又一个佛雷开口:“他说出这话就是自承叛逆,大人。
史坦尼斯切掉了他偷窃成性的手指,您该砍下他肆意撒谎的舌头。”
“干脆砍了他脑袋,”杰瑞爵士建议,“或者让我跟他来场荣誉的决斗。”
“佛雷家的人也懂什么叫荣誉?
!”
戴佛斯回敬。
四个佛雷听了便向前冲去,威曼伯爵抬手制止。
“不要冲动,朋友们。
在……
在处理他之前,我想先听听他的话。”
“你提到**——可有证据,爵士?”
席奥默学士发问,他把柔软的手掌交叠在肚皮上。
艾德瑞克·风暴就是证据,戴佛斯心想,可惜我把他送到了狭海另一头,以远远避开梅丽珊卓的火焰。
“我所言句句是实,史坦尼斯·拜拉席恩可为我作保。”
“言语就像风。”
一位站在威曼伯爵高位后的年轻姑娘说——是那位将褐发梳成长辫子的漂亮女子,“连我们姑娘家都知道,男人为达目的不择手段。”

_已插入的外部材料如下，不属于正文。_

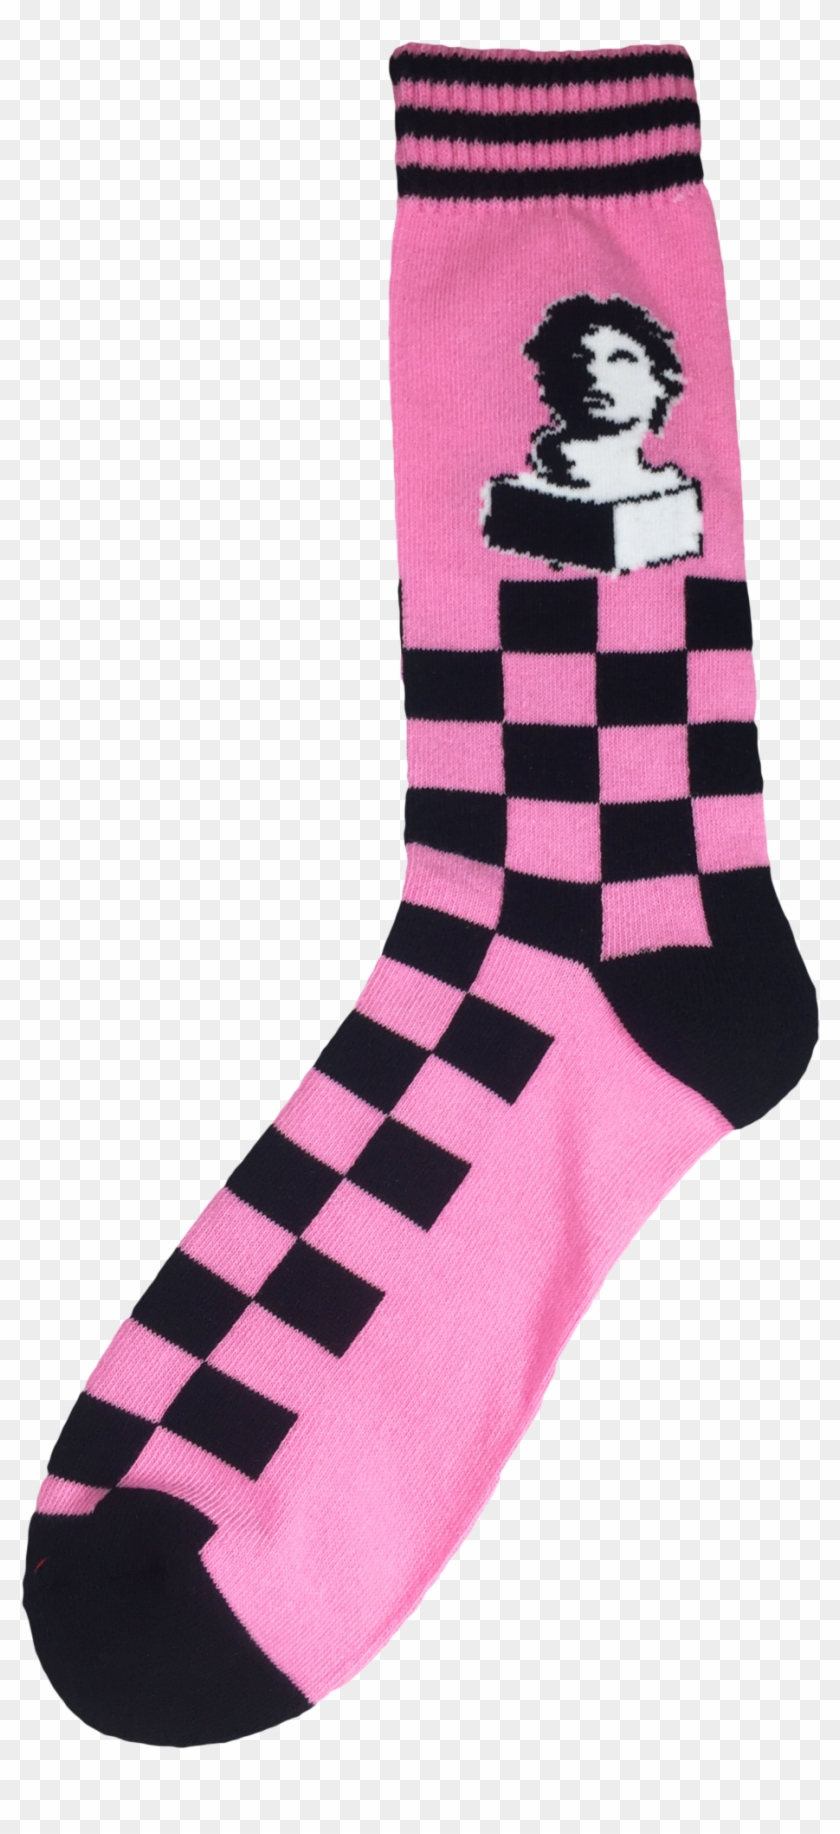 Vaporwave Aesthetic Macintosh Plus Crew Sock Clipart 4107032

“真凭实据胜过一面之词,”席奥默学士宣称,“论到为夺取铁王座而编造谎言,史坦尼斯·拜拉席恩决不是开先河者。”
粉嘟嘟的妇人抬起一根胖手指向下指着戴佛斯。
“你听好,我们不想跟犯上作乱扯上半点瓜葛。
我们白港上下都是遵纪守法的老实人,对国家忠心不贰。
你再在这里说些别有用心的话,小心我丈人把你关进狼穴!”
我哪里得罪了她?
“抱歉,敢问女士芳名?”
粉嘟嘟的妇人气恼地哼了一声,作答的是学士:“里雅夫人是威曼大人之子威里斯爵士的妻子,爵士目前还是兰尼斯特家的俘虏。”
那么她是出于恐惧。
白港若倒向史坦尼斯,她丈夫就得付出生命的代价。
我怎能要求威曼伯爵亲自宣判儿子死刑?
若我跟他位置互换、而戴冯是人质,我会怎么做?
“大人,”戴佛斯道,“我祈祷您儿子和白港上下都平平安安。”
“又在撒谎!”
凳子上的里雅夫人叫道。
戴佛斯决定不再理她。
“当初罗柏·史塔克兴兵讨伐冠着‘拜拉席恩’姓氏的私生子乔佛里时,白港响应了号召。
现在史塔克大人虽然过世,但他的斗争并未告终。”
“罗柏·史塔克是我的封君,”威曼伯爵声明,“史坦尼斯算哪根葱?
他凭什么来打扰我们?
如果我记忆没错,他以前从不肯移尊就驾来北境盘桓。
现在他被打得丢盔弃甲,倒是死乞白赖、跑来求人施舍了。”
“他是来拯救万民于水火的,大人,”戴佛斯坚称,“他是来保护您的土地免遭铁民和野人侵袭的。”
高位旁的玛龙·曼德勒爵士厌恶地哼了一声。
“白港几世纪没见着野人了,铁民更是从未骚扰过这片海岸。
史坦尼斯大人是不是还要替我们抵抗魔龙和古灵精怪呢?”
人鱼宫中哄堂大笑,威曼伯爵脚边的里雅夫人却啜泣起来。
“群岛的铁民、塞外的野人……
现在又来了个叛徒公爵,带来一大票土匪、叛贼和术士。”
她指着戴佛斯,“噢,是的,我们听说了你那个红女巫干的好事,她会要求我们为一个火魔王而背弃七神!”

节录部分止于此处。